The yields on German government securities are already below zero for the first time since the financial crisis. Overall, globally, bonds are falling to fresh lows with almost every passing day. This sends a cacophony of signals that make investors feel pessimistic about the outlook for the global economy. Central banks from New Zealand to India have responded to this threat by surprising markets in trying to stimulate their economies.
In recent weeks, investors have seen lower yields on bonds everywhere. Squeezed to the wall, they are now desperately seeking sources of profit, avoiding risky assets in these times of uncertainty. Yields on absolutely all German government securities have fallen below zero this week, with the 10-year bonds of some of the most risky countries in the Eurozone - Spain and Portugal - approaching dangerously negative territory.
This causes market participants to hide in longer-term bonds, betting that the ECB will re-quantify to counter the weakening economy.

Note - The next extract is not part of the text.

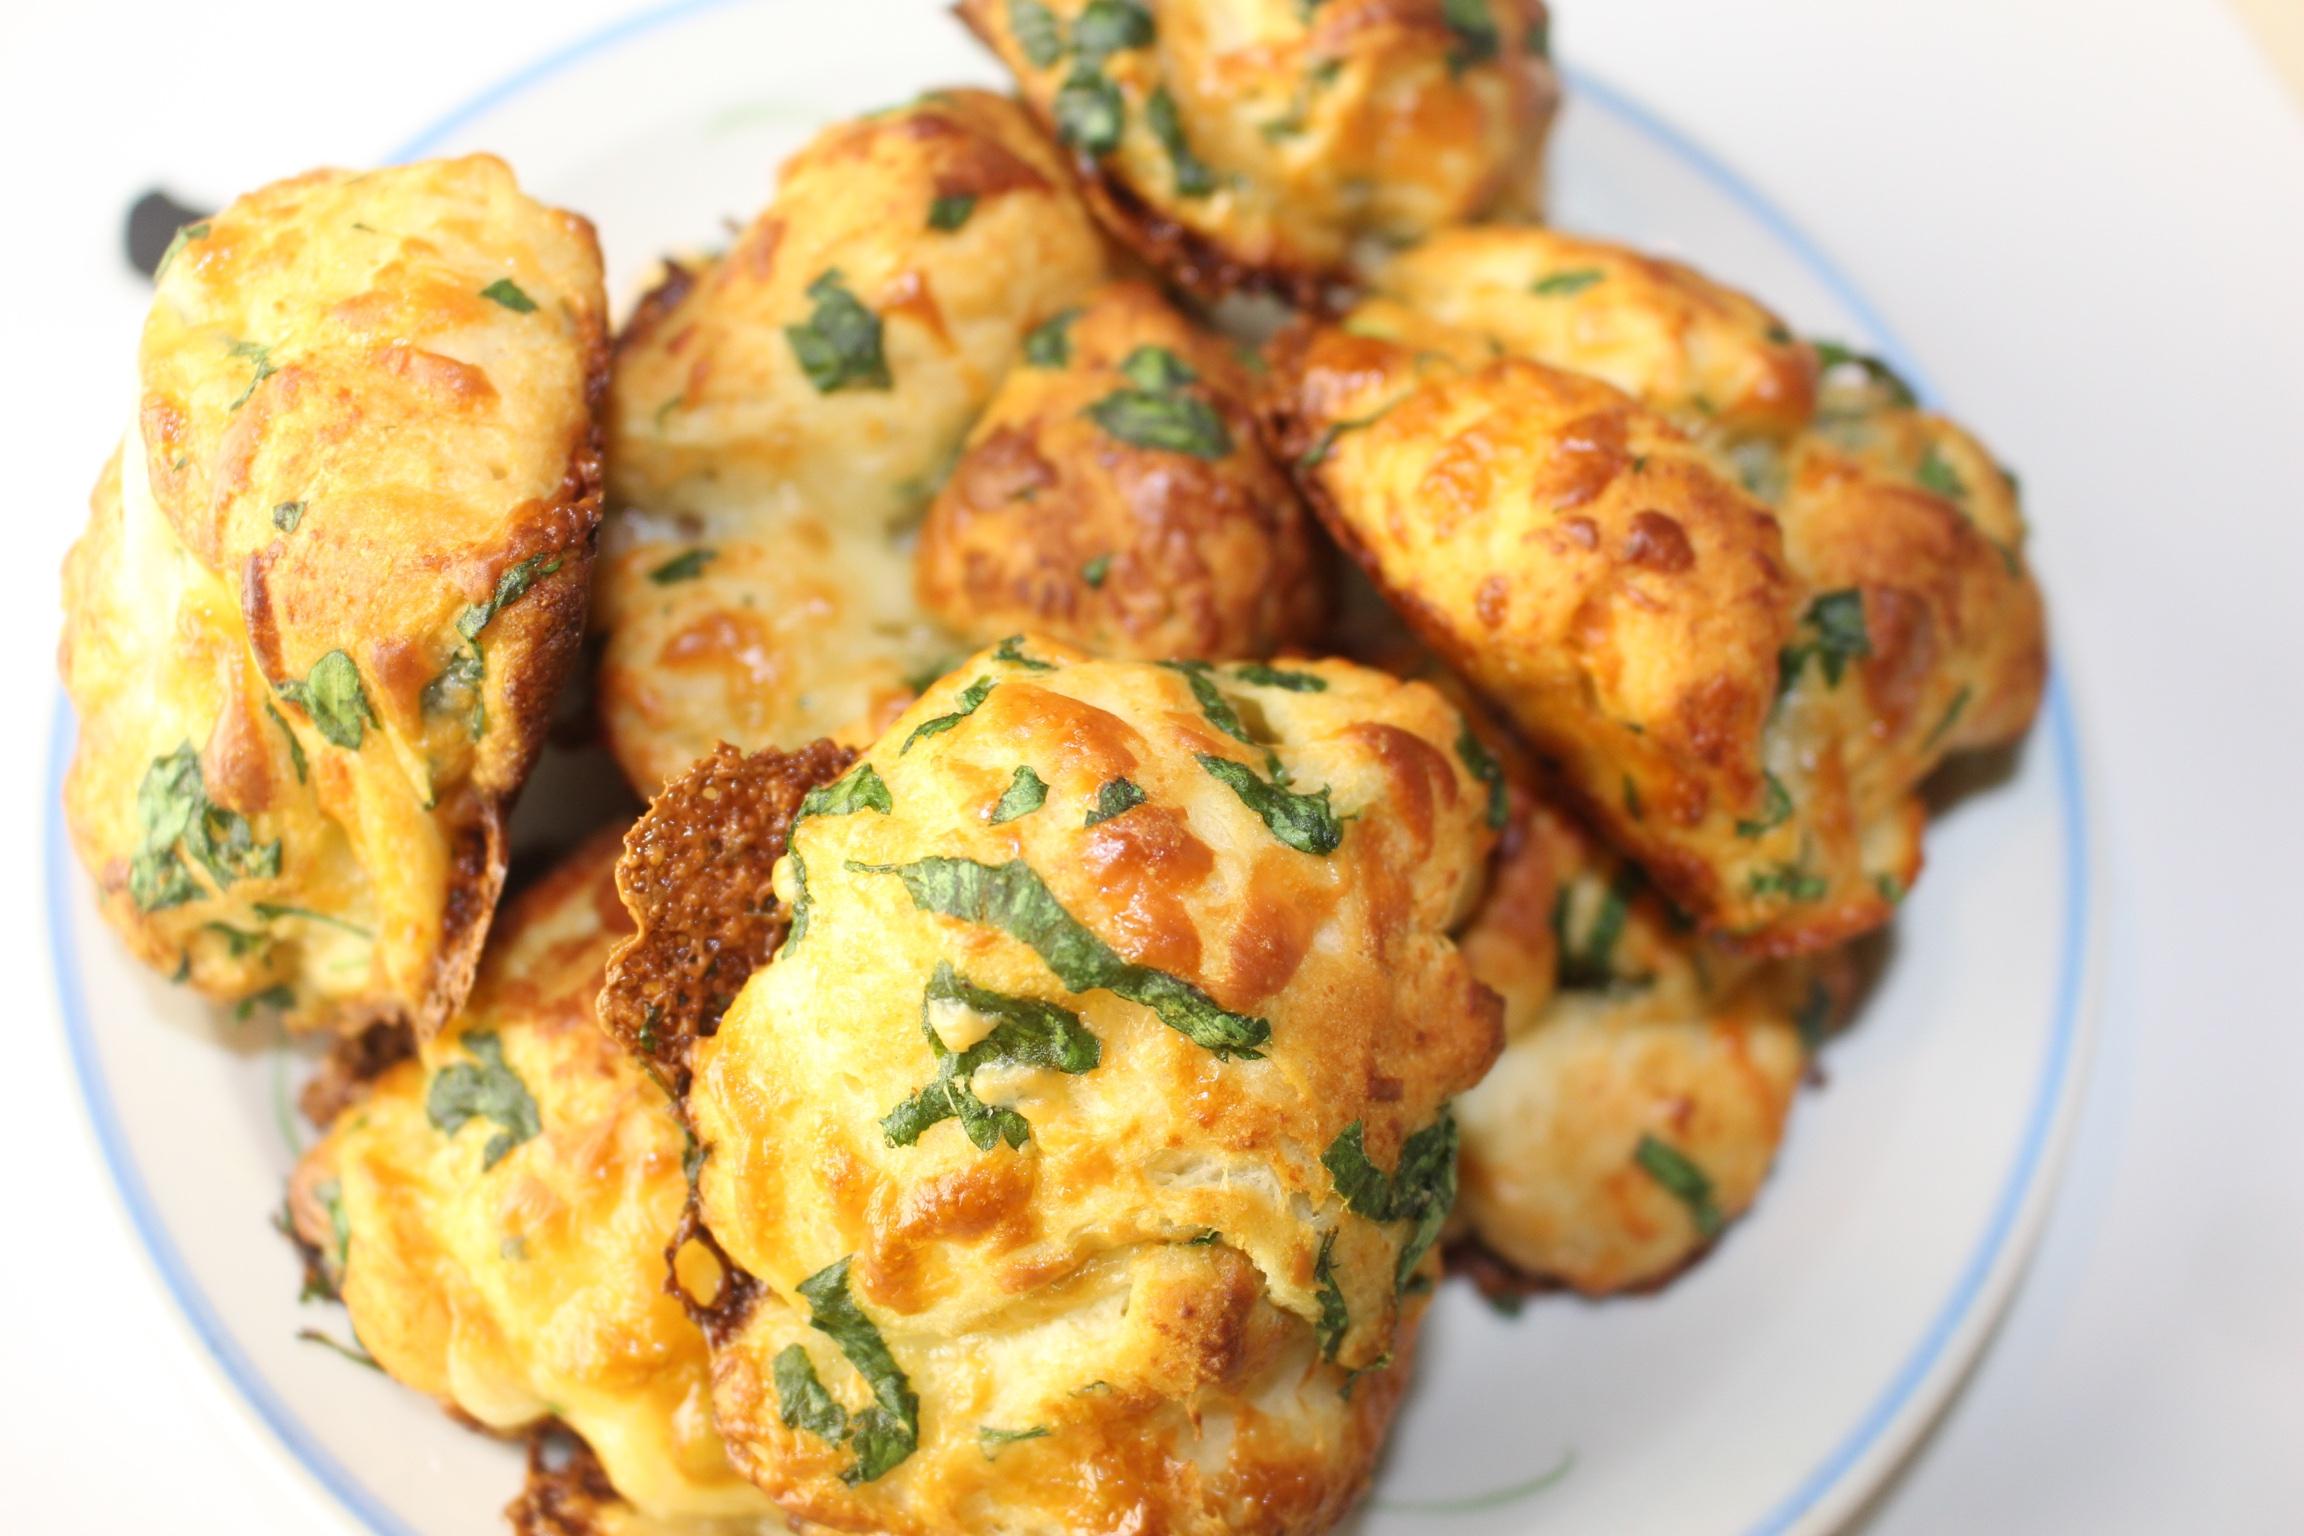 Cheesy Garlic Pull Apart Biscuits

We are already seeing less activity and a shift away from shorter-term debt instruments, bearing in mind that interest rates on deposits are -0.40%.
Globally, the effects of the trade war are being felt. 10-year US bonds are at their lowest levels since 2016, and 2-year bonds should not even be mentioned ... This is a clear sign that they may only divide us a few months until the next recession.

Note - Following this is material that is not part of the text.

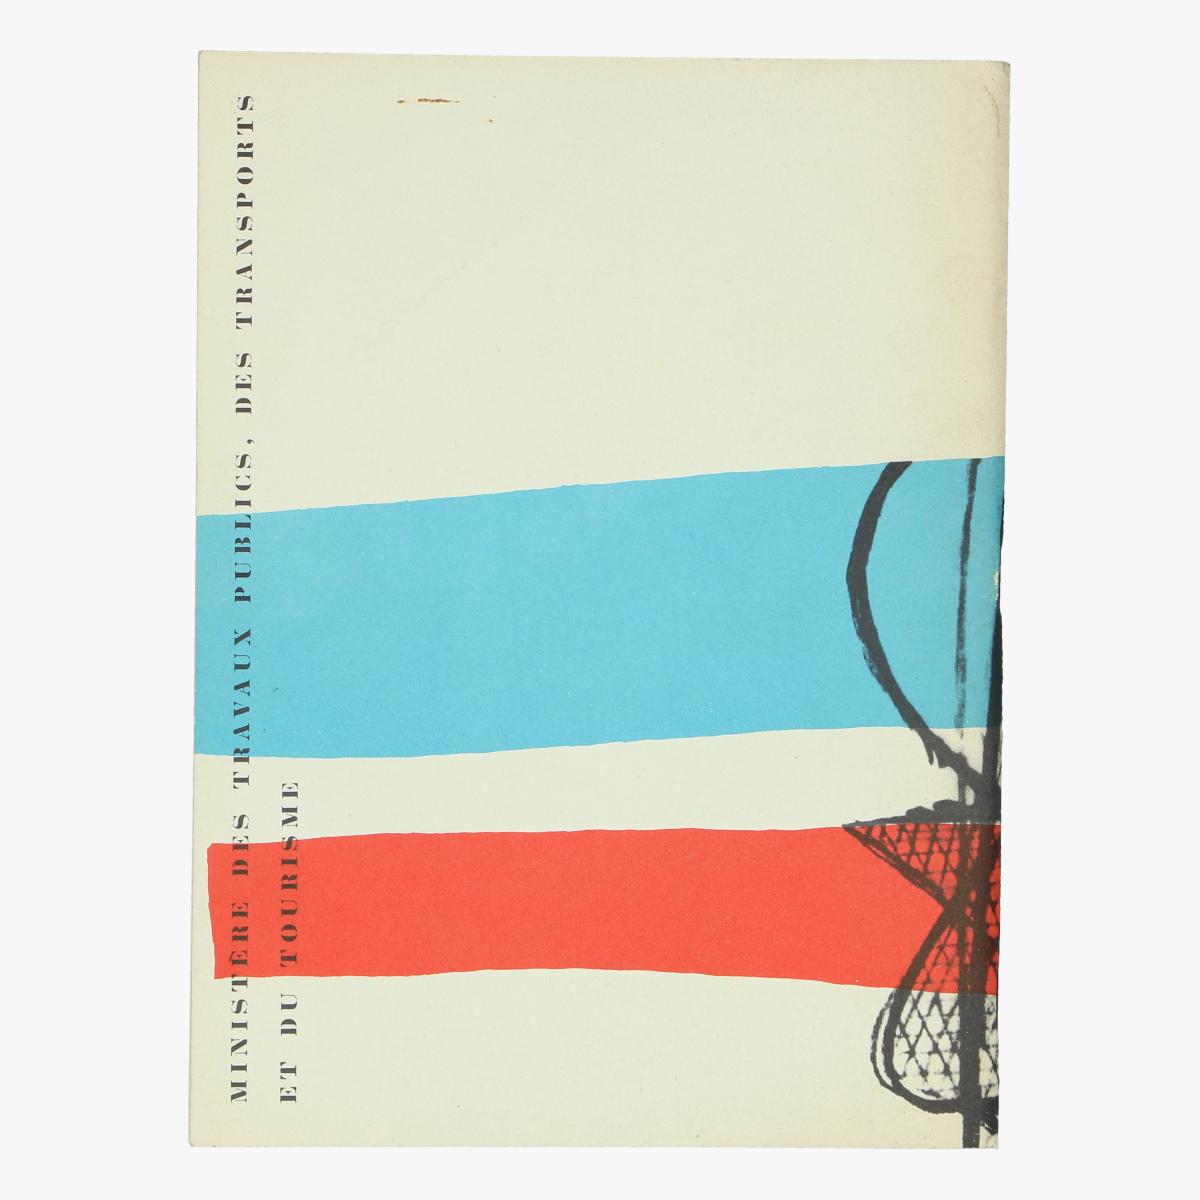 Afbeeldingen van expo 58 carnet de voyage en france / 1958 calendrier des manifestions

And undoubtedly, fears escalated this week that the US-China trade war could turn into a currency war. Earlier in the week, the PBOC devalued the yuan to its lowest since 2008. Traders are also increasingly worried that the Swiss National Bank may also interfere in foreign exchange markets, depreciating the Swiss franc. At that time, New Zealand and Thailand cut interest rates. Perhaps still unconscious, the Federal Reserve has also taken a course to ease monetary policy.
Source: Bloomberg Finance L.P.
Graphs: Used with permission of Bloomberg Finance L.P.